Problem statement - Pictures aside, each record should be reproduced exactly.

Data provided -
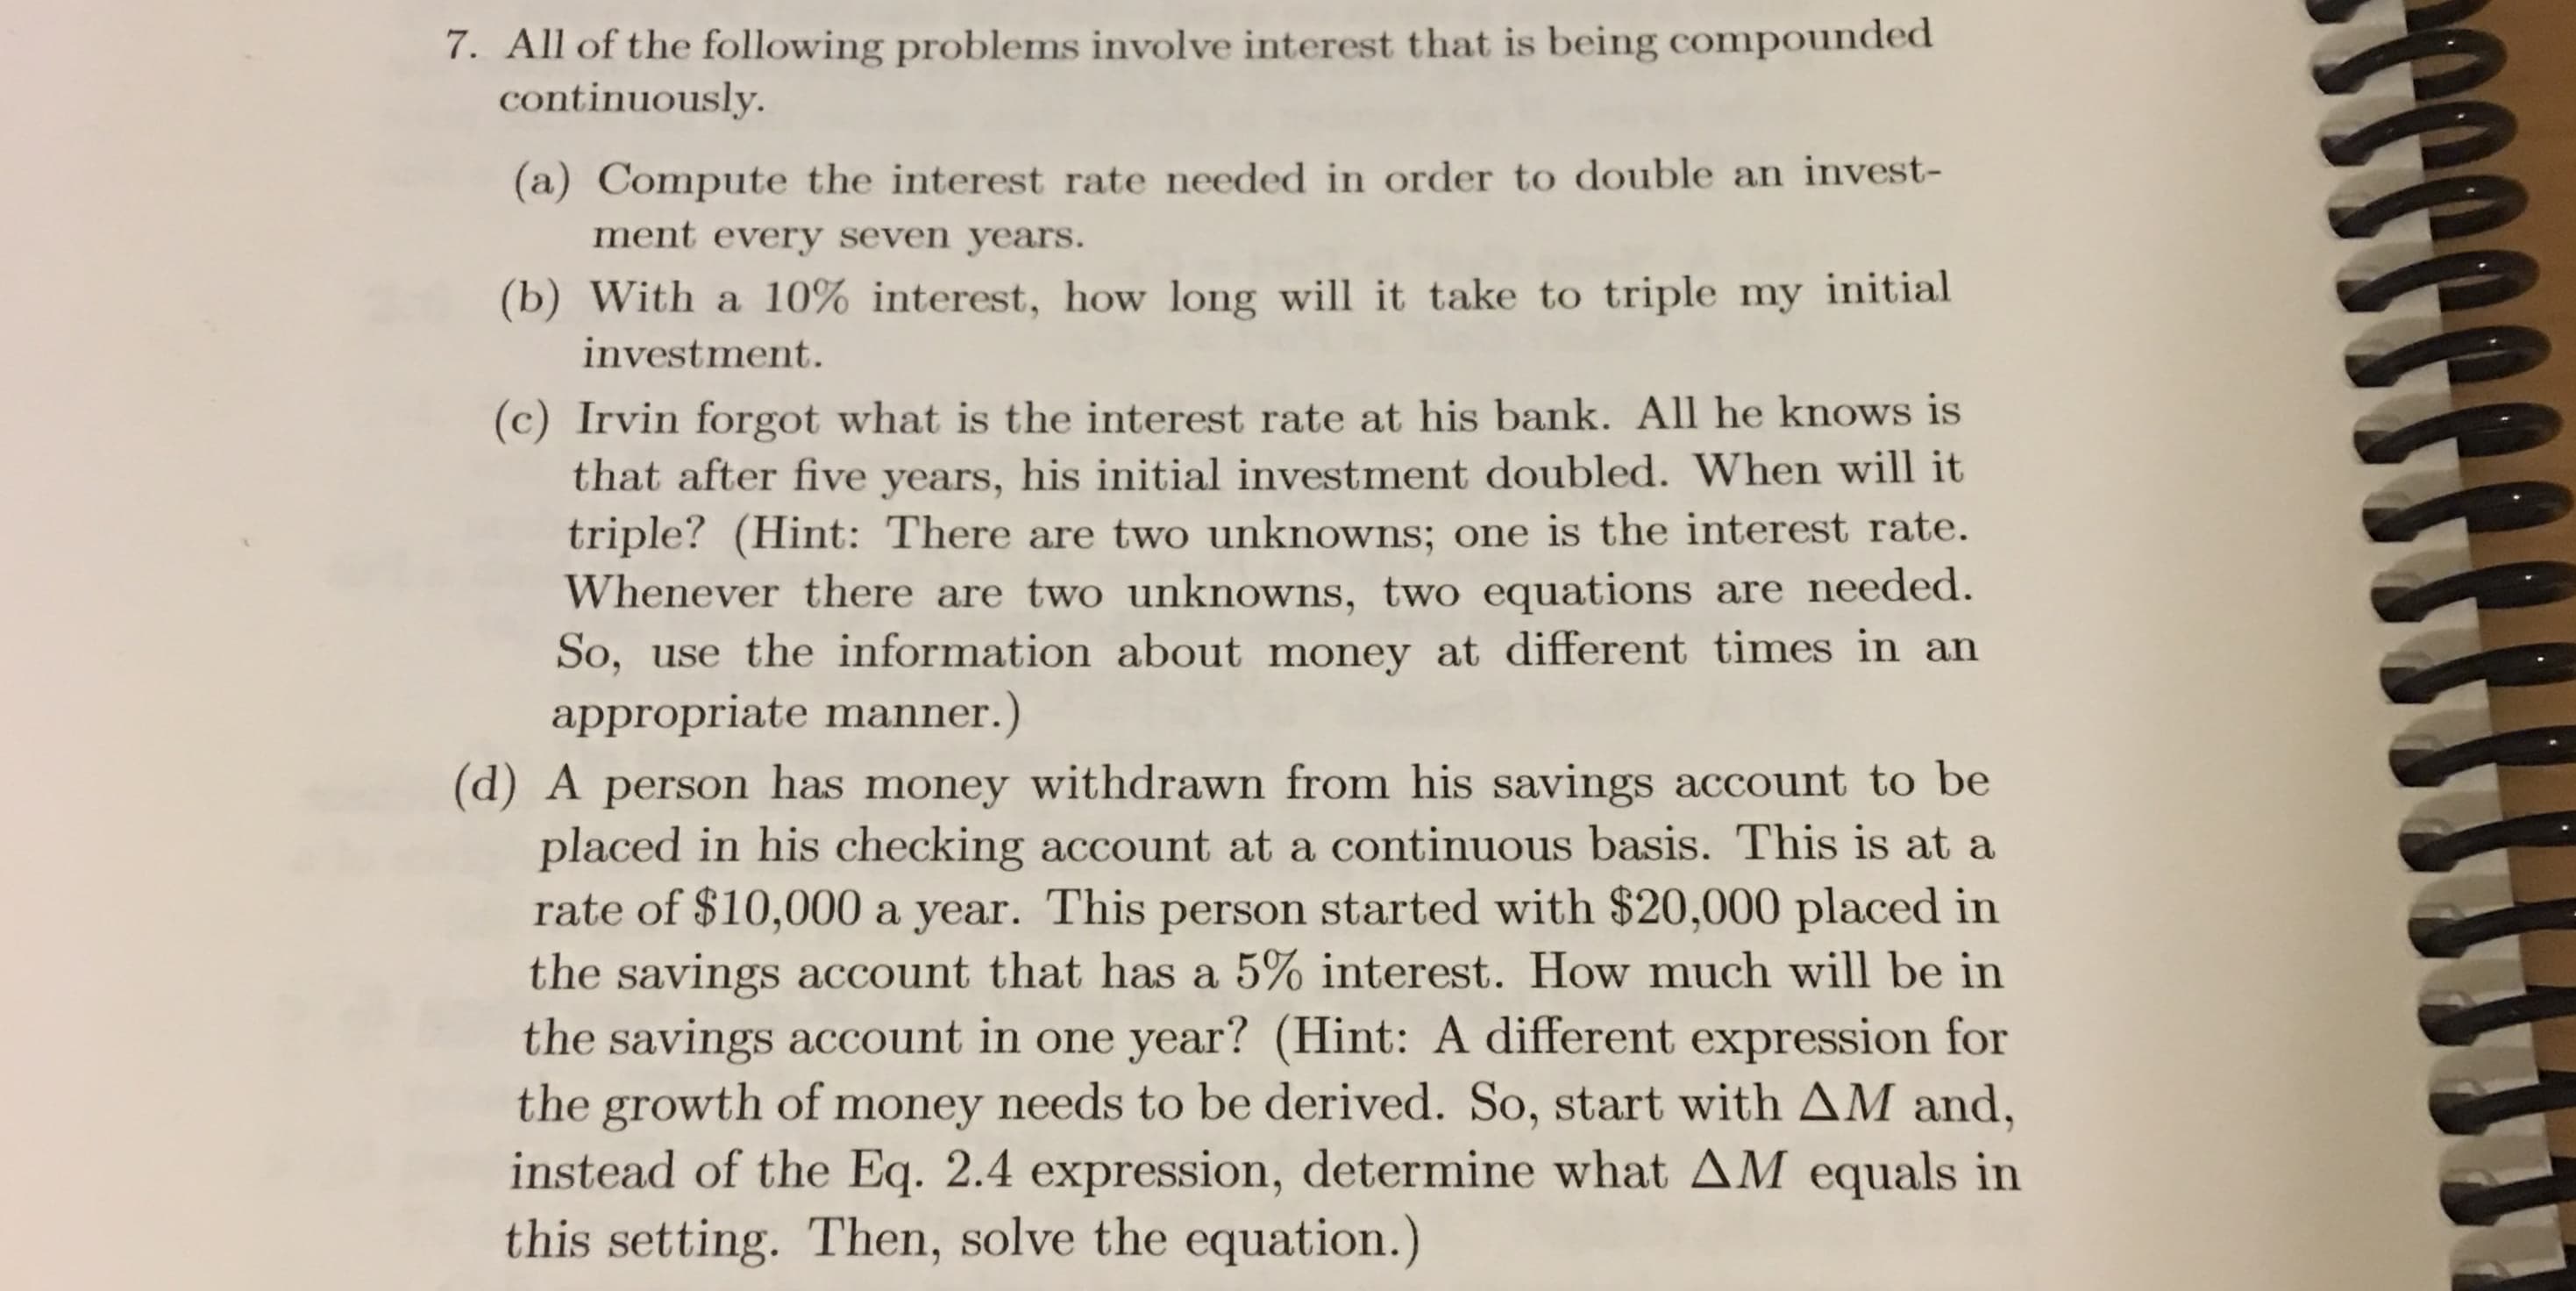 7. All of the following problems involve interest that is being compounded
continuously.
(a) Compute the interest rate needed in order to double an invest-
ment every seven years.
(b) With a 10% interest, how long will it take to triple my initial
investment.
(c) Irvin forgot what is the interest rate at his bank. All he knows is
that after five years, his initial investment doubled. When will it
triple? (Hint: There are two unknowns; one is the interest rate.
Whenever there are two unknowns, two equations are needed.
use the information about money at different times in an
So,
appropriate manner.)
(d) A person has money withdrawn from his savings account to be
placed in his checking account at a continuous basis. This is at a
rate of $10,000
the savings account that has a 5% interest. How much will be in
the savings account in one
the growth of money needs to be derived. So, start with AM and,
instead of the Eq. 2.4 expression, determine what AM equals in
this setting. Then, solve the equation.)
a year. This person started with $20,000 placed in
year? (Hint: A different expression for

Exercise response -
 7. All of the following problems involve interest that is being compounded
continuously.
(a) Compute the interest rate needed in order to double an invest-
ment every seven years.
(b) With a 10% interest, how long will it take to triple my initial
investment.
(c) Irvin forgot what is the interest rate at his bank. All he knows is
that after five years, his initial investment doubled. When will it
triple? (Hint: There are two unknowns; one is the interest rate.
Whenever there are two unknowns, two equations are needed.
use the information about money at different times in an
So,
appropriate manner.)
(d) A person has money withdrawn from his savings account to be
placed in his checking account at a continuous basis. This is at a
rate of $10,000
the savings account that has a 5% interest. How much will be in
the savings account in one
the growth of money needs to be derived. So, start with AM and,
instead of the Eq. 2.4 expression, determine what AM equals in
this setting. Then, solve the equation.)
a year. This person started with $20,000 placed in
year? (Hint: A different expression for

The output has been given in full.